Spock came to her creative passion through what she laughingly describes as a “very strange route of interests and careers.” At first studying nursing, she went on to earn a bachelor’s in communications and a graduate degree in higher education administration. The latter led to a job at Wesleyan University — which she left two years later after she and her husband David moved near Denver, Colorado. There she found work in the natural foods industry, rising to an executive position with a prominent market chain.
“Art,” she continues, “never crossed my path as a possible profession,” even though she always carried her camera with her and had also long loved the craft of making collages. In 2010, she began making and selling mixed media collages using paint and ephemera. Then, not long after she and David returned to Connecticut for family reasons, she started adding in her photography. “It was like a light bulb went on for me,” she says, as she methodically complemented and contrasted her photos of the West with old documents and antique papers.

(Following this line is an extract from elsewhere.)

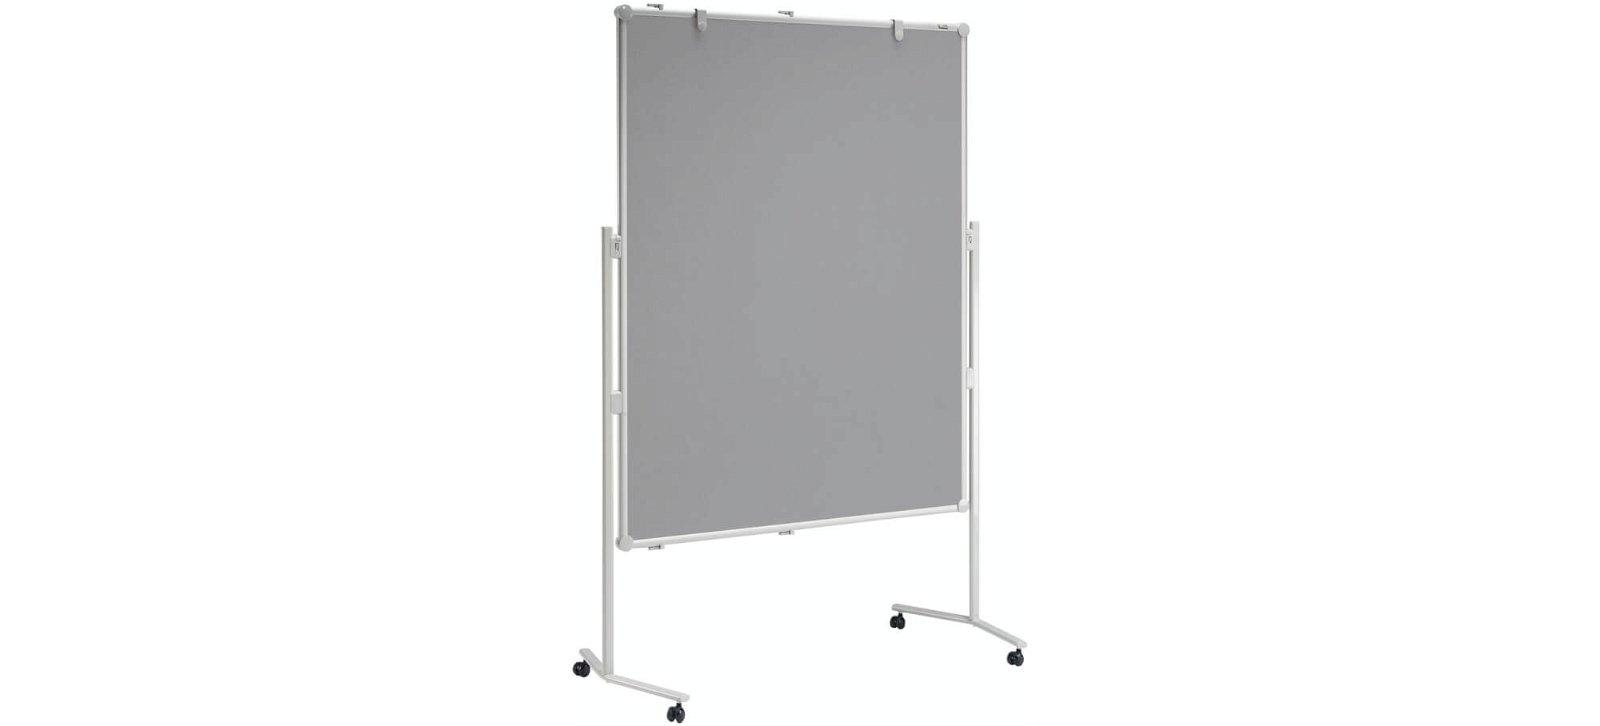 Moderationstafel MAULpro Textil grau, 150x120 cm, grau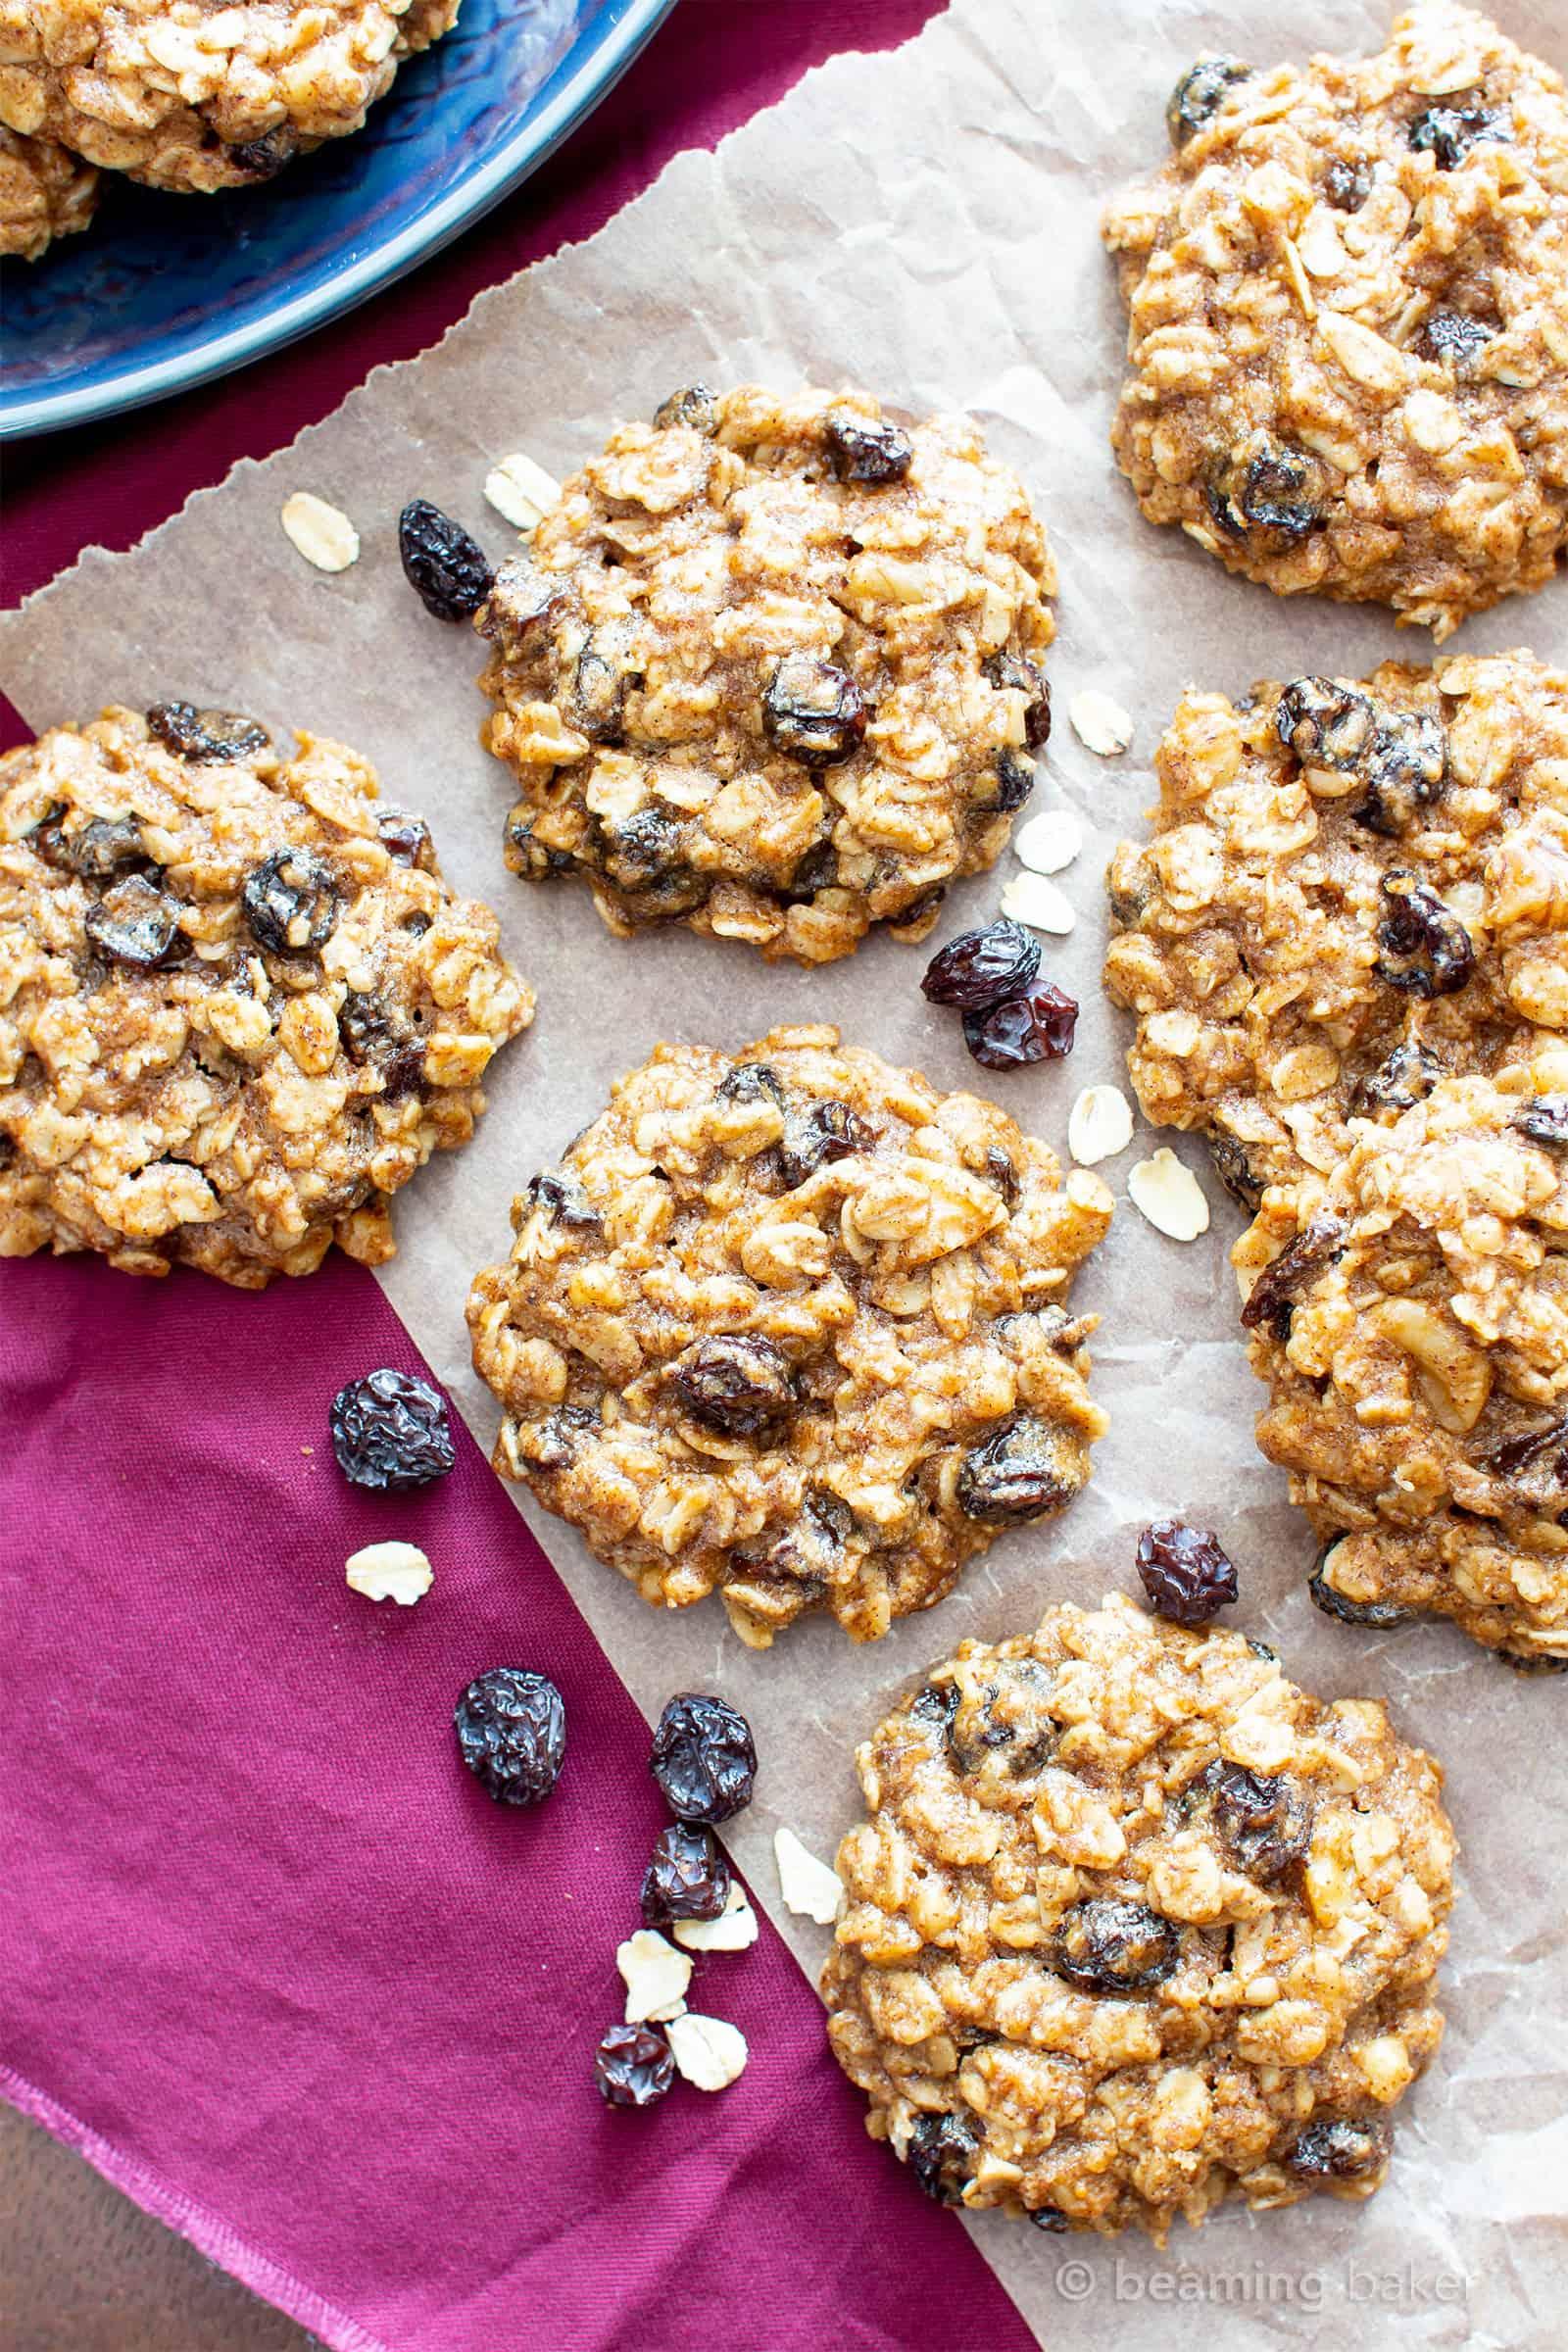 Chewy-Oatmeal-Raisin-Cookie-Recipe-Vegan-Gluten-Free-Refined-Sugar-Free-1.jpg

The results possess both the subtle beauty of painting and the complex intellectual intrigue of archaeological digs. Storing the Harvest, for example, began with an image she captured of some grain bins near Longmont, Colorado. Before printing it out, she manipulated it in Photoshop to achieve “a desaturated vintage color scheme,” she says. Using archival glue, she attached the print to a basswood panel along with a medley of scraps that create a complementary narrative, including vintage postage stamps and pages from an old seed catalog, a 1904 agricultural manual, the 1914 Farmers’ Almanac, and a 1939 edition of John Steinbeck’s The Grapes of Wrath, among other materials. Then, she used many squares and scraps of antique papers for “interesting depth and dimension.” Finally, she added atmospheric washes of paint that tie it all together and protective matte varnishes that enable viewers to “touch and feel the textures of the different layers.”
Spock finds the entire process as richly satisfying as her buyers find the results. Someday soon, she hopes to move back out West to better explore subjects that intrigue her, including the first transcontinental railroad, old mines, ghost towns, and remnants of the Dust Bowl era. “I love this learning process,” she concludes. “My artwork helps me to explore history, which in turn informs my art.”
Spock’s artwork is represented by Abend Gallery in Denver, Colorado.